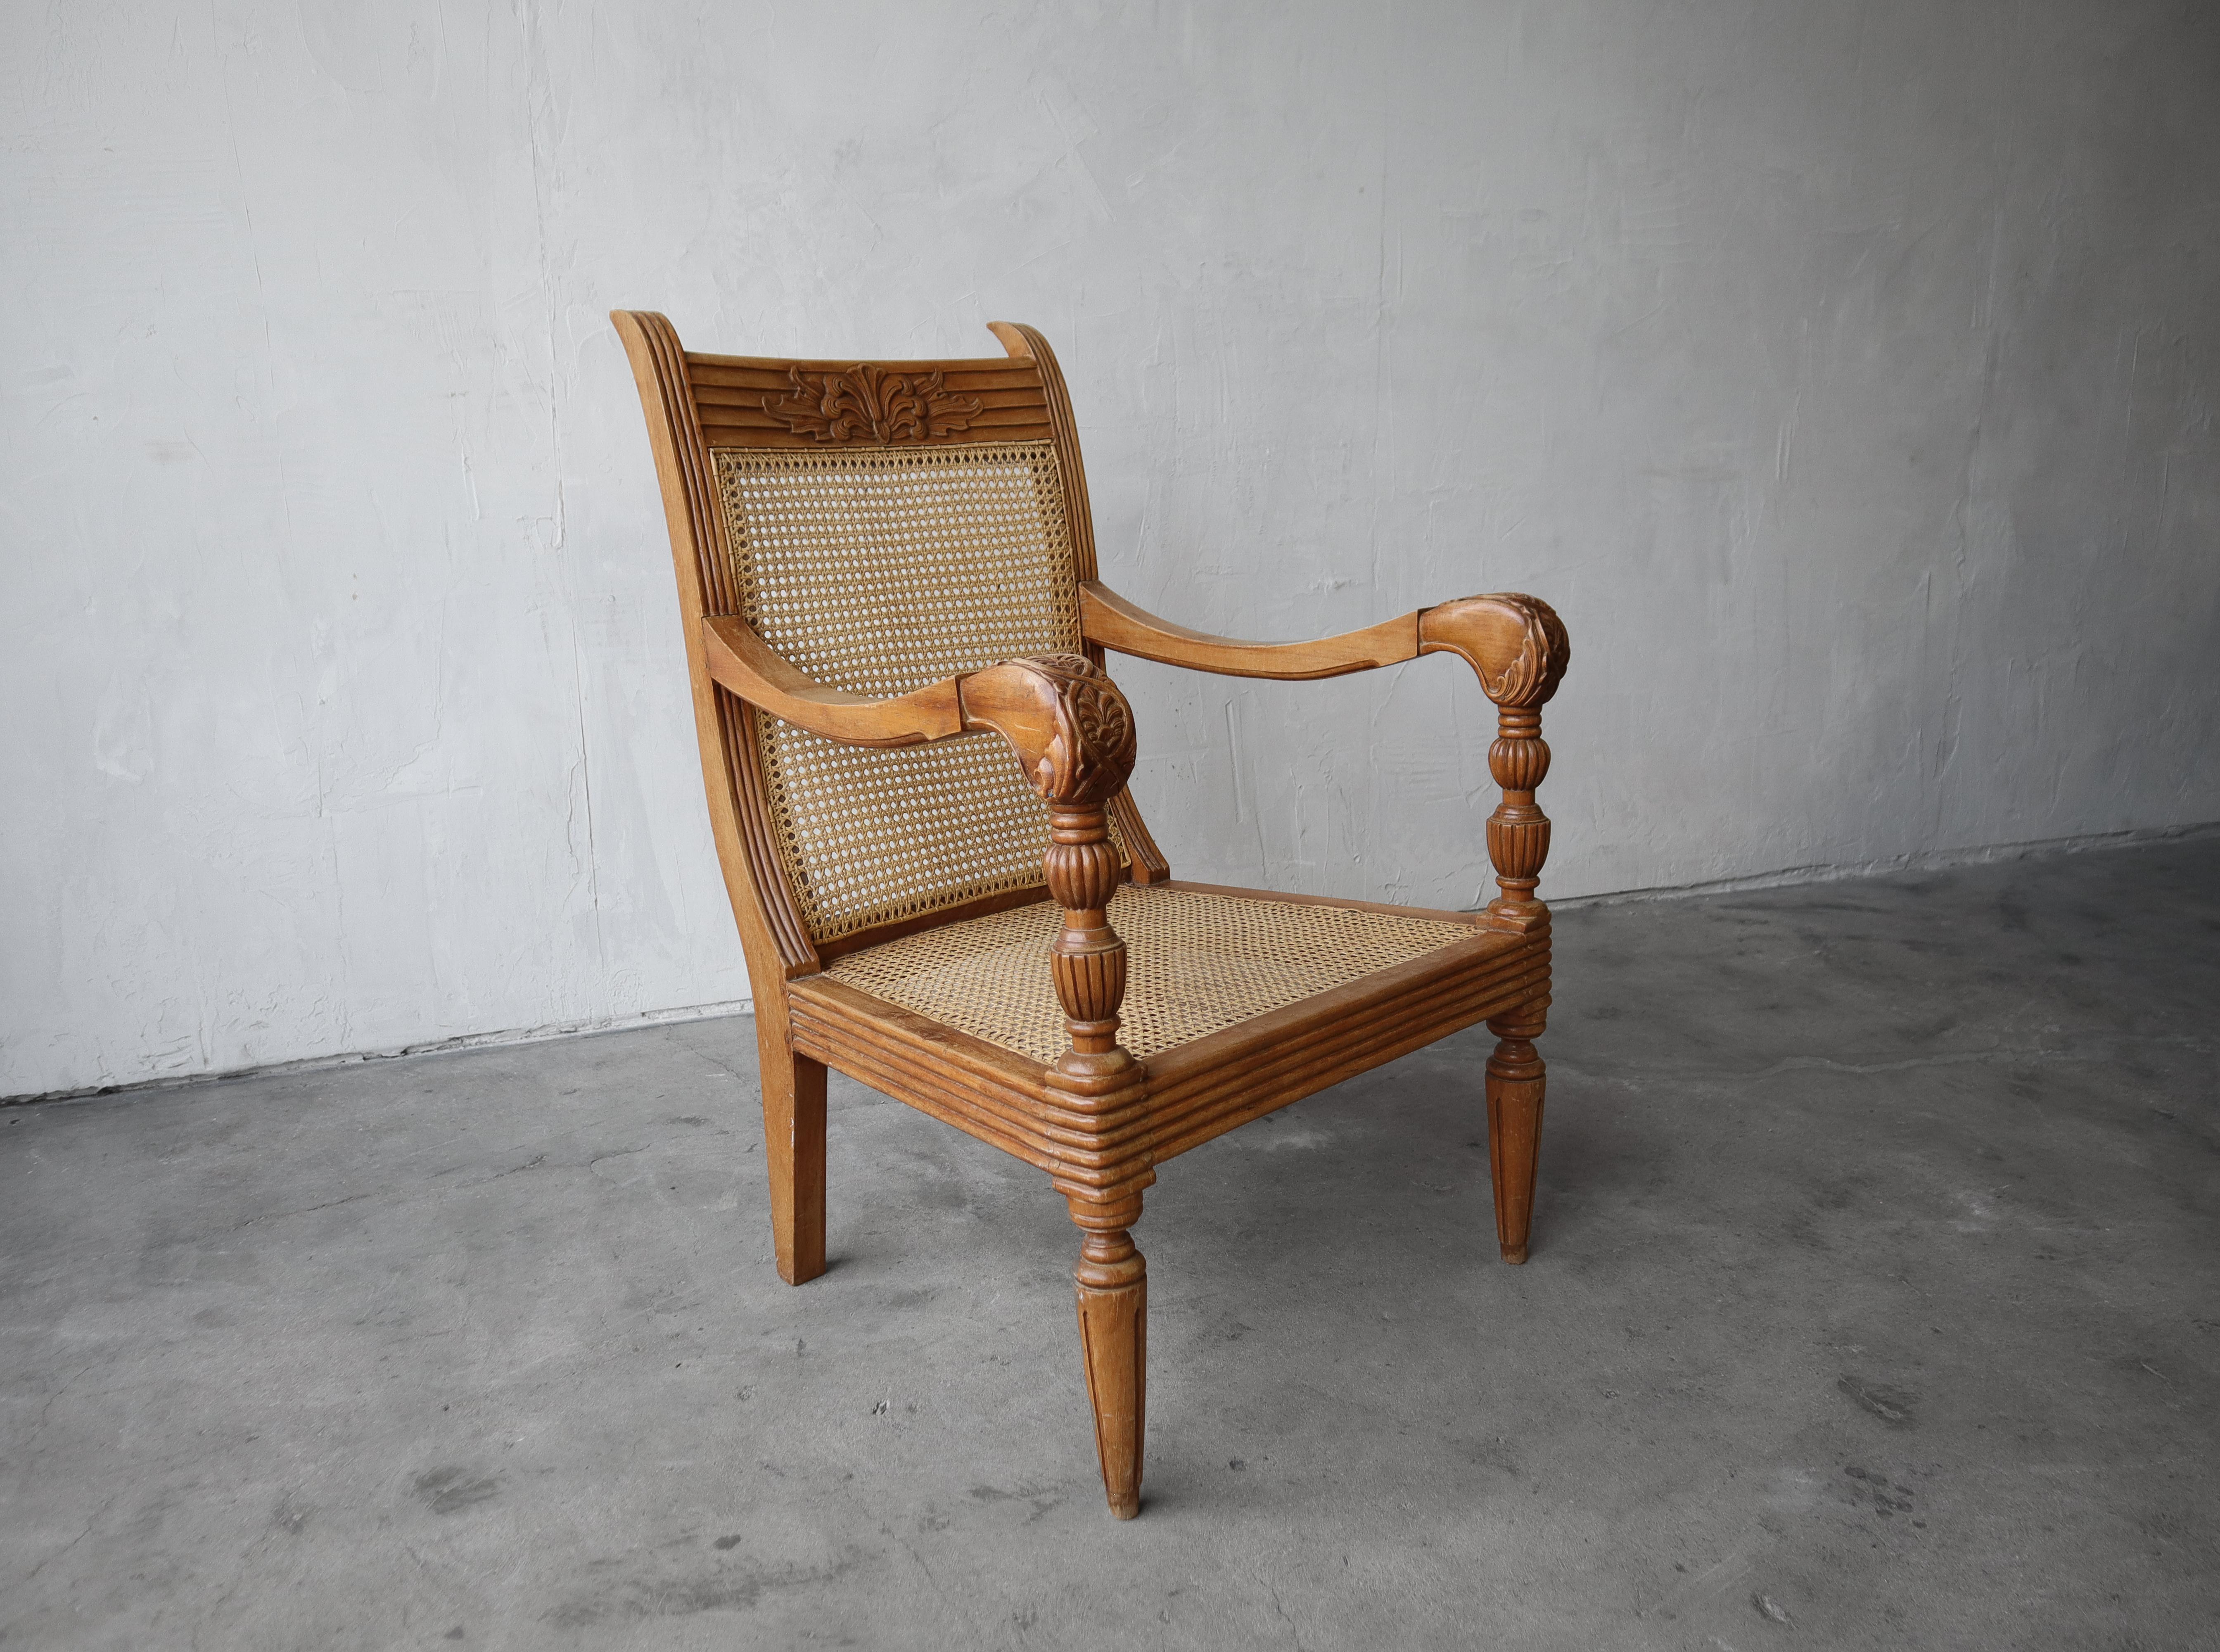 Magnifique chaise longue ancienne en teck sculpté et en rotin. La beauté est vraiment dans les détails de cette chaise. Les bois sculptés et tournés sont étonnants. Il est en excellent état pour son âge. Il y a une légère patine d'âge et
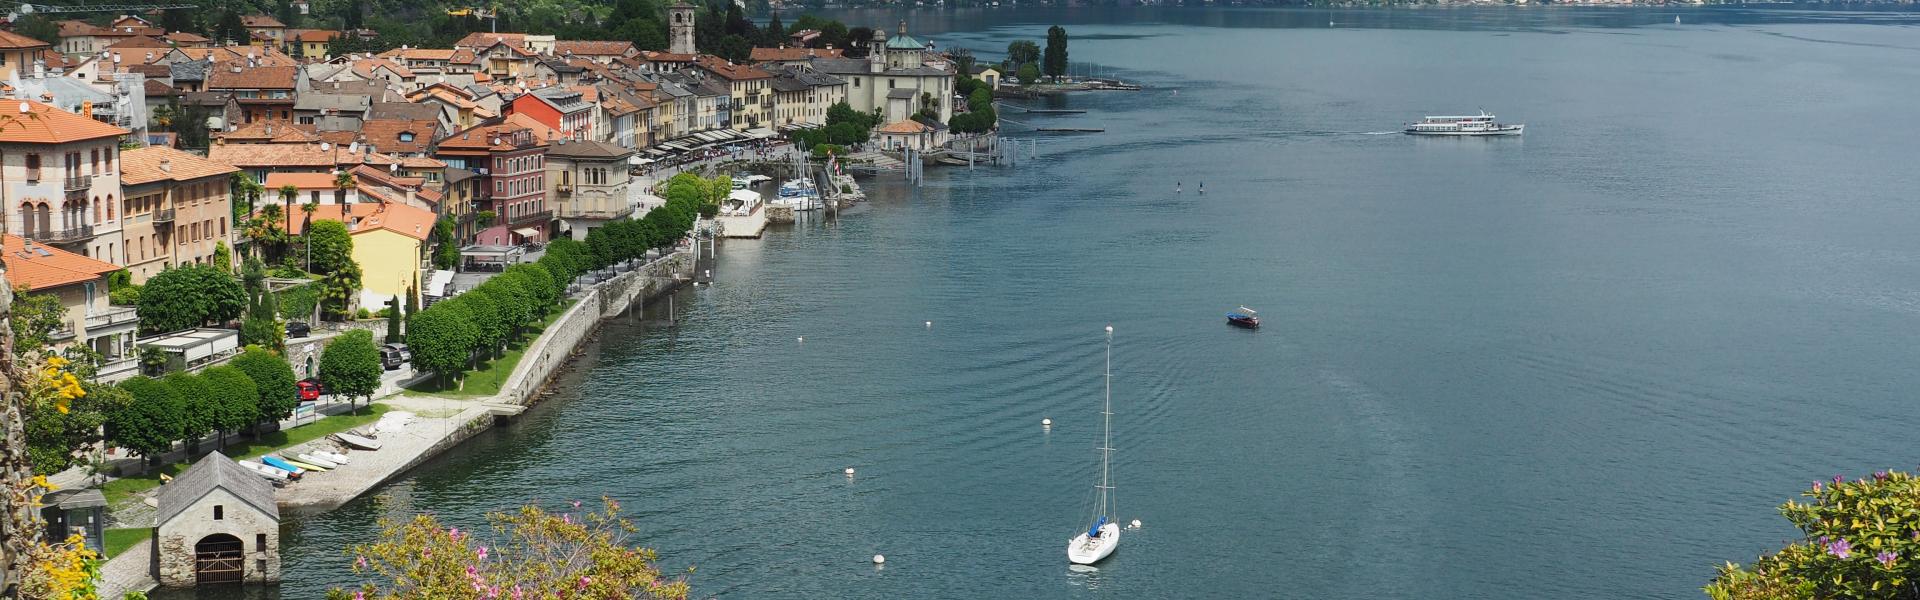 Lago Maggiore Scenic View
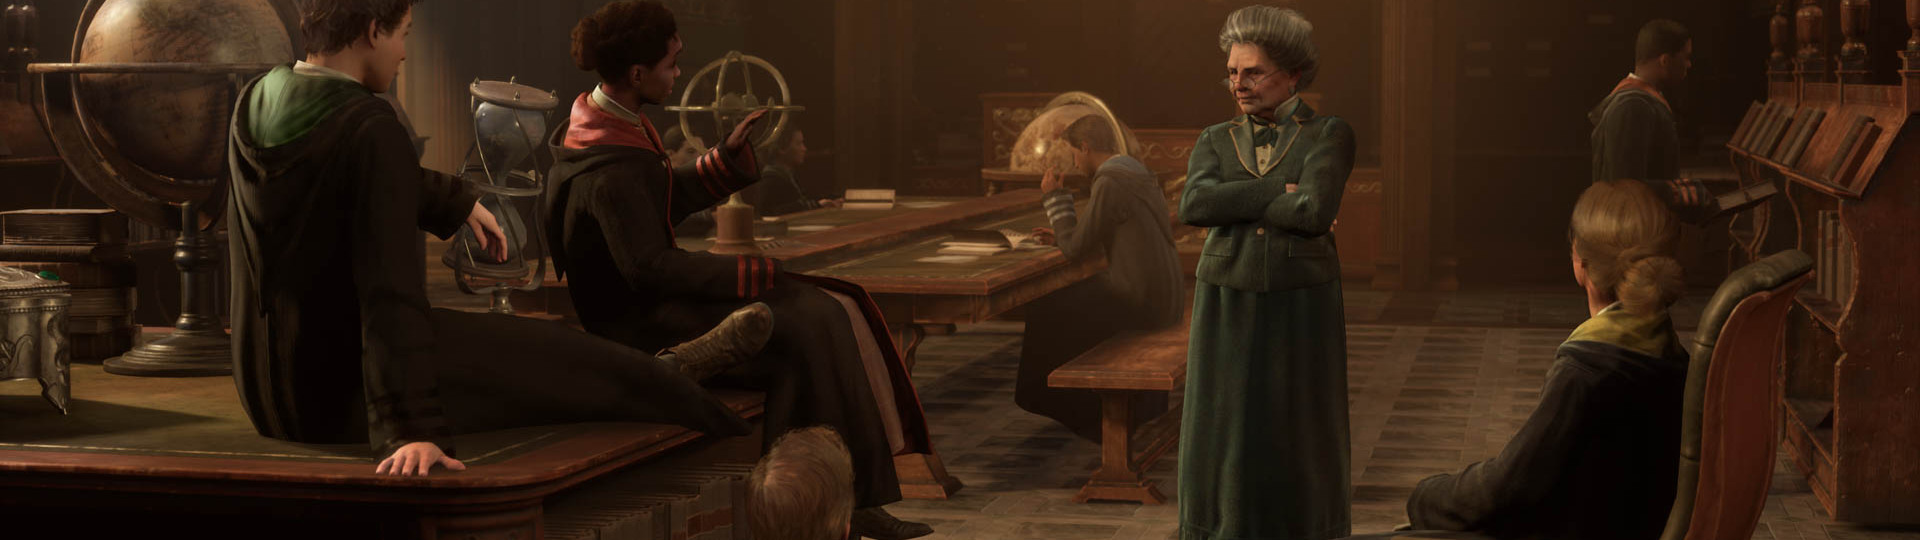 PS4 verze Hogwarts Legacy odložena | Novinky

WHAT TO DO:
Copy out every line of the data above, taking care to leave the pictures out.

EXERCISE OUTPUT:
 Magnifique chaise longue ancienne en teck sculpté et en rotin. La beauté est vraiment dans les détails de cette chaise. Les bois sculptés et tournés sont étonnants. Il est en excellent état pour son âge. Il y a une légère patine d'âge et
 Lago Maggiore Scenic View
 PS4 verze Hogwarts Legacy odložena | Novinky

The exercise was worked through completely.